Da una ricerca Demos appare un dato sorprendente: la fiducia degli italiani nello Stato è passata in un solo anno dal 22% al 33%
Sarà anche effetto, come sostiene Diamanti, della paura che porta a stringersi alla istituzioni, ma c’è anche un altro fattore da considerare: per la prima volto da anni lo Stato è diventato erogatore di risorse emesse a deficit: dai 30 miliardi del 2019 ai 180 di quest’anno.
Che gli italiani tornino ad apprezzare lo “Stato mamma” degli anni ’80? Uno Stato che ti ristruttura gratis la casa, ti compra il monopattino o i rubinetti di casa, ti restituisce parte dei soldi spesi, ti paga le vacanze e soprattutto ti garantisce ogni assistenza.
Tutto ciò avviene, naturalmente, a debito; un debito che non preoccupa perché tanto lo pagheranno le prossime generazioni e per molti anni ancora (speriamo) i tassi di interesse rimarranno bassi: ma sempre debito resta.

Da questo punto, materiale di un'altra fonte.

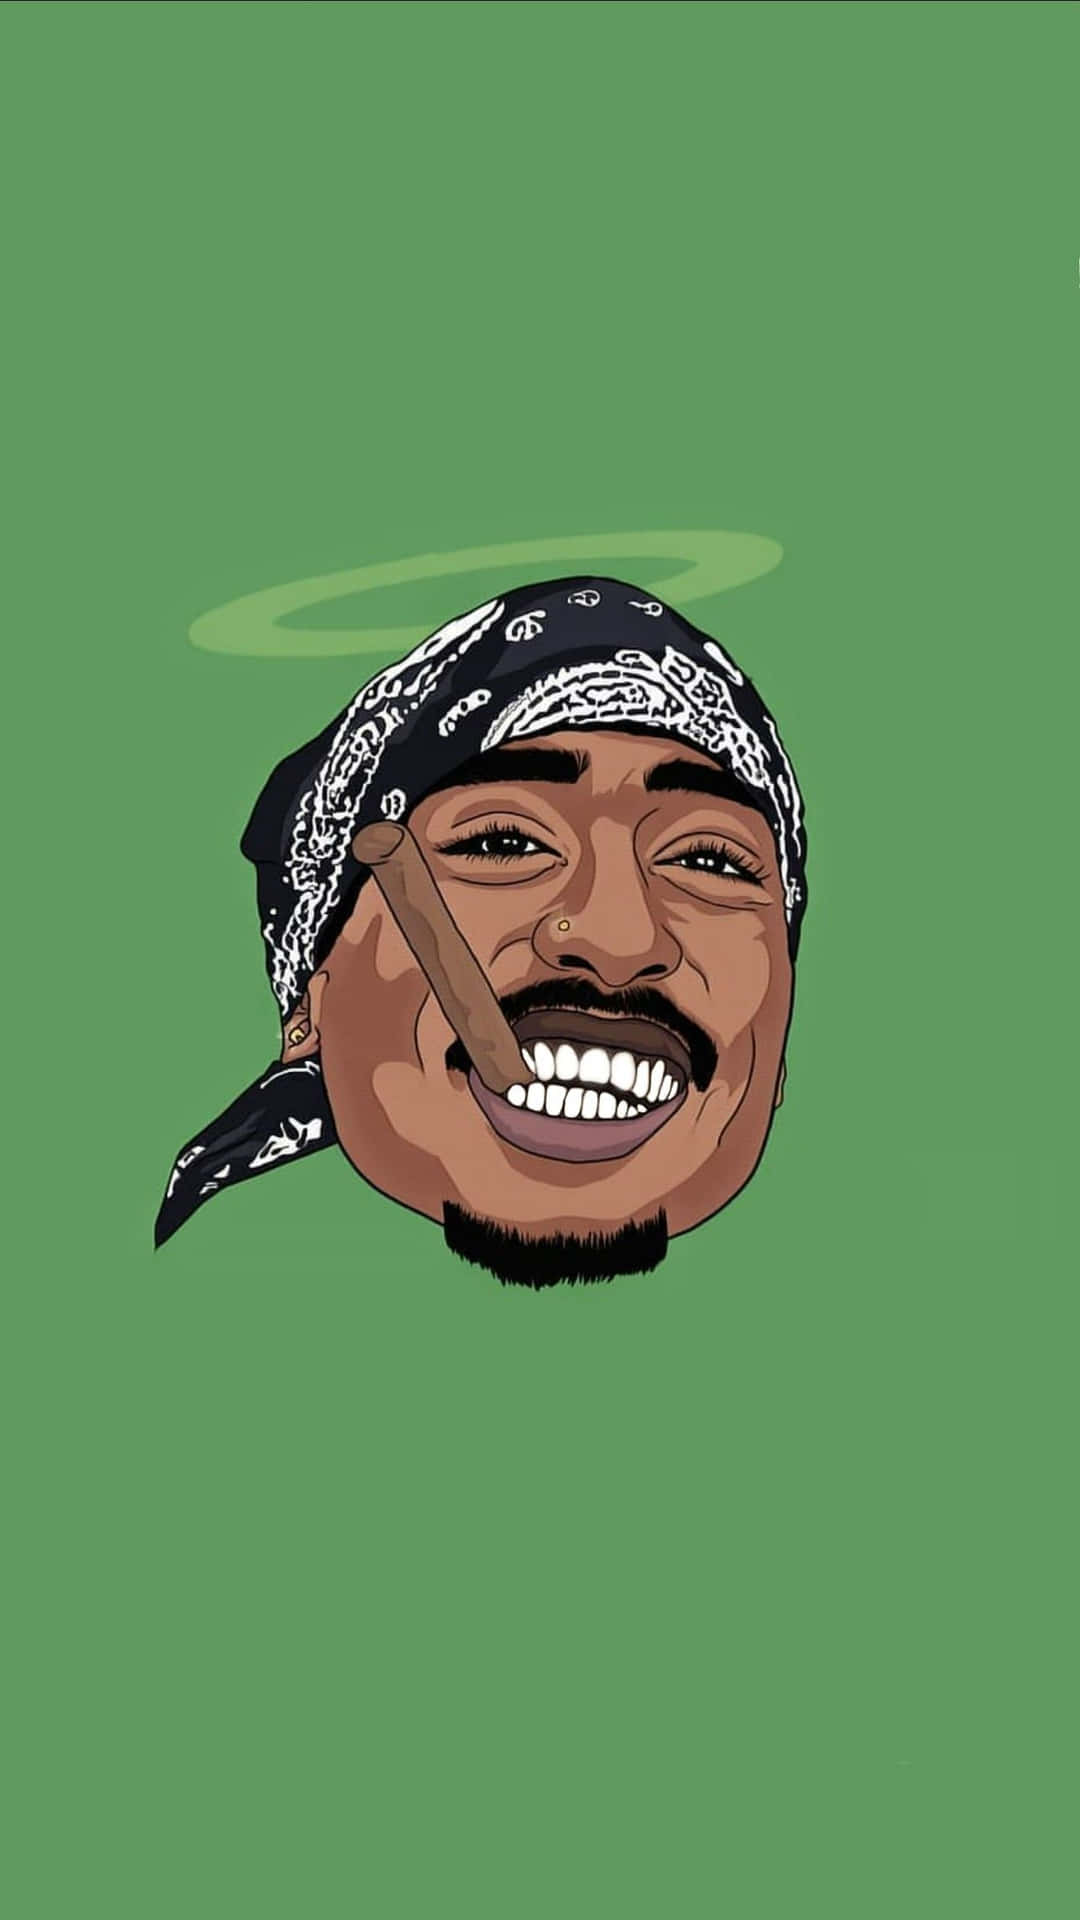 Umailustração De Desenho Animado Do Icônico Rapper Tupac Shakur. Papel de Parede

Ma il vero pericolo è un altro: che i cittadini si abituino a pensare lo Stato non come fornitore di servizi essenziali ma come “mamma” che segue, protegge e foraggia i suoi cittadini “dalla culla alla tomba”. Un comportamento da autentici sudditi che aspettano tutto dallo Stato cui riservano obbedienza e riconoscenza e non da veri cittadini che, consci dei loro diritti (e doveri) richiedono alla Stato di essere lasciati liberi e di fornire loro solamente quei servizi necessari al funzionamento della comunità.
Stesso rischio per le imprese: a furia di sussidi e aiuti vari dimenticano la necessità di innovare, di lottare sui mercati rassegnandosi a perdere competitività. Non conviene loro mantenere gli standard di efficienza quanto essere in regola per ottenere i sussidi.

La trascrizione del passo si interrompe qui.